* Task goal *
All of the entries are to be printed exactly as they appear.

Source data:
************

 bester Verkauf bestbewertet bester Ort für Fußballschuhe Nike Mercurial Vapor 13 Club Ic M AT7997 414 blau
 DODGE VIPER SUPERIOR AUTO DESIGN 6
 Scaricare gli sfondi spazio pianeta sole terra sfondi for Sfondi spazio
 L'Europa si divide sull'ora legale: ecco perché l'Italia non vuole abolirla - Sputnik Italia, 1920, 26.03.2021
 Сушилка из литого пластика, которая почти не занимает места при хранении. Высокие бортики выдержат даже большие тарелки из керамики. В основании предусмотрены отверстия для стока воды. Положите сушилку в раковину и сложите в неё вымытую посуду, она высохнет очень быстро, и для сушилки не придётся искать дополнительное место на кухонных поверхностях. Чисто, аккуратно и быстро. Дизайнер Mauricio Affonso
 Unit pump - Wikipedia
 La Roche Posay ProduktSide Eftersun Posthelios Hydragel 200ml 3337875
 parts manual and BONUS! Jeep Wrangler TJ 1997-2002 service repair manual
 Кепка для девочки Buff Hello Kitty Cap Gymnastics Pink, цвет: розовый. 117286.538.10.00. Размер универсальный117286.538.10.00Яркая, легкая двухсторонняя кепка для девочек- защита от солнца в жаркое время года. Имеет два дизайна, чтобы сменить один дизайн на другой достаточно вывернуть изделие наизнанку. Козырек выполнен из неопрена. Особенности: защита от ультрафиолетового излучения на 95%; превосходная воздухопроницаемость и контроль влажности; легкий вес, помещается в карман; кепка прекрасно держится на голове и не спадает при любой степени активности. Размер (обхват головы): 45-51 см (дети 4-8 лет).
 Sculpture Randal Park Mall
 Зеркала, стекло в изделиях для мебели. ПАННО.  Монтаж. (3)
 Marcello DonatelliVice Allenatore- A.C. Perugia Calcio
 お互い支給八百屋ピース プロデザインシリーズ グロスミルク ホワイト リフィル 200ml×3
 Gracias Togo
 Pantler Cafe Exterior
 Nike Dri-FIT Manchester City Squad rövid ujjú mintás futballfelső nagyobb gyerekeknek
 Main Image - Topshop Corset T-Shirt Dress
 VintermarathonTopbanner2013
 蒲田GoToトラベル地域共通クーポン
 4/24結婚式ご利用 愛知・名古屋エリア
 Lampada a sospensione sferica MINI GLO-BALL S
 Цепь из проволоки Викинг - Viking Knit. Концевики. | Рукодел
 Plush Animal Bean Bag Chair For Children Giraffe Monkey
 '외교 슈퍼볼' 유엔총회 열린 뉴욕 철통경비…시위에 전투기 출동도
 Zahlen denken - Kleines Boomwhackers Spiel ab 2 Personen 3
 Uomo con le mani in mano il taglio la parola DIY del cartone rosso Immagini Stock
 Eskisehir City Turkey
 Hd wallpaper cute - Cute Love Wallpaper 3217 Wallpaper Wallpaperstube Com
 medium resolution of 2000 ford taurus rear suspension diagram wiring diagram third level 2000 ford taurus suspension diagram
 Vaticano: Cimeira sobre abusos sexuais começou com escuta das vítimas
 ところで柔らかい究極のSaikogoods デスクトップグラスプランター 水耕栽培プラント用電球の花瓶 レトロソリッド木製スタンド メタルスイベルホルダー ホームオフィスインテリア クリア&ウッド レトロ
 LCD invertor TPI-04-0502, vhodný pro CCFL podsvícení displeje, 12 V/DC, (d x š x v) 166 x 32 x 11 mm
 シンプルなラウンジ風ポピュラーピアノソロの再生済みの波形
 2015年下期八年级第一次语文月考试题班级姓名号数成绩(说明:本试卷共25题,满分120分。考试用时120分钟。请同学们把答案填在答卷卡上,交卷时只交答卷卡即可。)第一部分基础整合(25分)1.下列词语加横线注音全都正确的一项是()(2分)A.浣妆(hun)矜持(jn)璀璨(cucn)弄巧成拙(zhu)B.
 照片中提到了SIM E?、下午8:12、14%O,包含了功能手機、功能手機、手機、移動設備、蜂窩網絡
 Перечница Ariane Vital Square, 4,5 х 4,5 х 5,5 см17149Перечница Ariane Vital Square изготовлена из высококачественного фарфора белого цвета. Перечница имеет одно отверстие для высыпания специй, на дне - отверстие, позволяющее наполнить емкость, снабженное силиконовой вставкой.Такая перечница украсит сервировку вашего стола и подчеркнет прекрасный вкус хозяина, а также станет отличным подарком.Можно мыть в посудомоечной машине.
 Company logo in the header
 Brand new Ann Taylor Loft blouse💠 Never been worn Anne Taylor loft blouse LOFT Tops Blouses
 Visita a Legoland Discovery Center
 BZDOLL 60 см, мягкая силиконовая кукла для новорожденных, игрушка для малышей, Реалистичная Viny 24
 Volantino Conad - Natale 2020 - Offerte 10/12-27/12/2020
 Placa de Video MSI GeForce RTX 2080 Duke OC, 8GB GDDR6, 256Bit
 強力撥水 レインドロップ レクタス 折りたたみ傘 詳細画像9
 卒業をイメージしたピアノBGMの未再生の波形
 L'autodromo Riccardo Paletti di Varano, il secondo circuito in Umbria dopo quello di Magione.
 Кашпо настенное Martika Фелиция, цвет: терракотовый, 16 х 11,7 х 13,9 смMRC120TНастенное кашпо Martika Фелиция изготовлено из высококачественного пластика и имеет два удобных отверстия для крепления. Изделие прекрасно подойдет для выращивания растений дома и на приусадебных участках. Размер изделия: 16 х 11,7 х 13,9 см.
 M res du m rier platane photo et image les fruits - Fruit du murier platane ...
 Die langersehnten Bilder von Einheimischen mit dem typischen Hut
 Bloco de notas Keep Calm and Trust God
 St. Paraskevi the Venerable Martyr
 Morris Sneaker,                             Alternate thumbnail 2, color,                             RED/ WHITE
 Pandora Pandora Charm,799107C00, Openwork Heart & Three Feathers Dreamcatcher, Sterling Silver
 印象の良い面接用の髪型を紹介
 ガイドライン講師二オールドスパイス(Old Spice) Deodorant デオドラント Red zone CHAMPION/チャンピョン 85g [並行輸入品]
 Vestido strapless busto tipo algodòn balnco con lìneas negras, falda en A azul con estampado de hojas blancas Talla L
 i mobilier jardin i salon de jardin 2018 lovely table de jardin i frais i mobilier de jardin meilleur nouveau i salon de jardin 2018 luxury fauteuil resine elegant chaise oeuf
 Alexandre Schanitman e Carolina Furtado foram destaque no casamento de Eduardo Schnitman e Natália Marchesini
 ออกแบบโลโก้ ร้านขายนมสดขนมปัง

************

* Result *
 bester Verkauf bestbewertet bester Ort für Fußballschuhe Nike Mercurial Vapor 13 Club Ic M AT7997 414 blau
 DODGE VIPER SUPERIOR AUTO DESIGN 6
 Scaricare gli sfondi spazio pianeta sole terra sfondi for Sfondi spazio
 L'Europa si divide sull'ora legale: ecco perché l'Italia non vuole abolirla - Sputnik Italia, 1920, 26.03.2021
 Сушилка из литого пластика, которая почти не занимает места при хранении. Высокие бортики выдержат даже большие тарелки из керамики. В основании предусмотрены отверстия для стока воды. Положите сушилку в раковину и сложите в неё вымытую посуду, она высохнет очень быстро, и для сушилки не придётся искать дополнительное место на кухонных поверхностях. Чисто, аккуратно и быстро. Дизайнер Mauricio Affonso
 Unit pump - Wikipedia
 La Roche Posay ProduktSide Eftersun Posthelios Hydragel 200ml 3337875
 parts manual and BONUS! Jeep Wrangler TJ 1997-2002 service repair manual
 Кепка для девочки Buff Hello Kitty Cap Gymnastics Pink, цвет: розовый. 117286.538.10.00. Размер универсальный117286.538.10.00Яркая, легкая двухсторонняя кепка для девочек- защита от солнца в жаркое время года. Имеет два дизайна, чтобы сменить один дизайн на другой достаточно вывернуть изделие наизнанку. Козырек выполнен из неопрена. Особенности: защита от ультрафиолетового излучения на 95%; превосходная воздухопроницаемость и контроль влажности; легкий вес, помещается в карман; кепка прекрасно держится на голове и не спадает при любой степени активности. Размер (обхват головы): 45-51 см (дети 4-8 лет).
 Sculpture Randal Park Mall
 Зеркала, стекло в изделиях для мебели. ПАННО.  Монтаж. (3)
 Marcello DonatelliVice Allenatore- A.C. Perugia Calcio
 お互い支給八百屋ピース プロデザインシリーズ グロスミルク ホワイト リフィル 200ml×3
 Gracias Togo
 Pantler Cafe Exterior
 Nike Dri-FIT Manchester City Squad rövid ujjú mintás futballfelső nagyobb gyerekeknek
 Main Image - Topshop Corset T-Shirt Dress
 VintermarathonTopbanner2013
 蒲田GoToトラベル地域共通クーポン
 4/24結婚式ご利用 愛知・名古屋エリア
 Lampada a sospensione sferica MINI GLO-BALL S
 Цепь из проволоки Викинг - Viking Knit. Концевики. | Рукодел
 Plush Animal Bean Bag Chair For Children Giraffe Monkey
 '외교 슈퍼볼' 유엔총회 열린 뉴욕 철통경비…시위에 전투기 출동도
 Zahlen denken - Kleines Boomwhackers Spiel ab 2 Personen 3
 Uomo con le mani in mano il taglio la parola DIY del cartone rosso Immagini Stock
 Eskisehir City Turkey
 Hd wallpaper cute - Cute Love Wallpaper 3217 Wallpaper Wallpaperstube Com
 medium resolution of 2000 ford taurus rear suspension diagram wiring diagram third level 2000 ford taurus suspension diagram
 Vaticano: Cimeira sobre abusos sexuais começou com escuta das vítimas
 ところで柔らかい究極のSaikogoods デスクトップグラスプランター 水耕栽培プラント用電球の花瓶 レトロソリッド木製スタンド メタルスイベルホルダー ホームオフィスインテリア クリア&ウッド レトロ
 LCD invertor TPI-04-0502, vhodný pro CCFL podsvícení displeje, 12 V/DC, (d x š x v) 166 x 32 x 11 mm
 シンプルなラウンジ風ポピュラーピアノソロの再生済みの波形
 2015年下期八年级第一次语文月考试题班级姓名号数成绩(说明:本试卷共25题,满分120分。考试用时120分钟。请同学们把答案填在答卷卡上,交卷时只交答卷卡即可。)第一部分基础整合(25分)1.下列词语加横线注音全都正确的一项是()(2分)A.浣妆(hun)矜持(jn)璀璨(cucn)弄巧成拙(zhu)B.
 照片中提到了SIM E?、下午8:12、14%O,包含了功能手機、功能手機、手機、移動設備、蜂窩網絡
 Перечница Ariane Vital Square, 4,5 х 4,5 х 5,5 см17149Перечница Ariane Vital Square изготовлена из высококачественного фарфора белого цвета. Перечница имеет одно отверстие для высыпания специй, на дне - отверстие, позволяющее наполнить емкость, снабженное силиконовой вставкой.Такая перечница украсит сервировку вашего стола и подчеркнет прекрасный вкус хозяина, а также станет отличным подарком.Можно мыть в посудомоечной машине.
 Company logo in the header
 Brand new Ann Taylor Loft blouse💠 Never been worn Anne Taylor loft blouse LOFT Tops Blouses
 Visita a Legoland Discovery Center
 BZDOLL 60 см, мягкая силиконовая кукла для новорожденных, игрушка для малышей, Реалистичная Viny 24
 Volantino Conad - Natale 2020 - Offerte 10/12-27/12/2020
 Placa de Video MSI GeForce RTX 2080 Duke OC, 8GB GDDR6, 256Bit
 強力撥水 レインドロップ レクタス 折りたたみ傘 詳細画像9
 卒業をイメージしたピアノBGMの未再生の波形
 L'autodromo Riccardo Paletti di Varano, il secondo circuito in Umbria dopo quello di Magione.
 Кашпо настенное Martika Фелиция, цвет: терракотовый, 16 х 11,7 х 13,9 смMRC120TНастенное кашпо Martika Фелиция изготовлено из высококачественного пластика и имеет два удобных отверстия для крепления. Изделие прекрасно подойдет для выращивания растений дома и на приусадебных участках. Размер изделия: 16 х 11,7 х 13,9 см.
 M res du m rier platane photo et image les fruits - Fruit du murier platane ...
 Die langersehnten Bilder von Einheimischen mit dem typischen Hut
 Bloco de notas Keep Calm and Trust God
 St. Paraskevi the Venerable Martyr
 Morris Sneaker,                             Alternate thumbnail 2, color,                             RED/ WHITE
 Pandora Pandora Charm,799107C00, Openwork Heart & Three Feathers Dreamcatcher, Sterling Silver
 印象の良い面接用の髪型を紹介
 ガイドライン講師二オールドスパイス(Old Spice) Deodorant デオドラント Red zone CHAMPION/チャンピョン 85g [並行輸入品]
 Vestido strapless busto tipo algodòn balnco con lìneas negras, falda en A azul con estampado de hojas blancas Talla L
 i mobilier jardin i salon de jardin 2018 lovely table de jardin i frais i mobilier de jardin meilleur nouveau i salon de jardin 2018 luxury fauteuil resine elegant chaise oeuf
 Alexandre Schanitman e Carolina Furtado foram destaque no casamento de Eduardo Schnitman e Natália Marchesini
 ออกแบบโลโก้ ร้านขายนมสดขนมปัง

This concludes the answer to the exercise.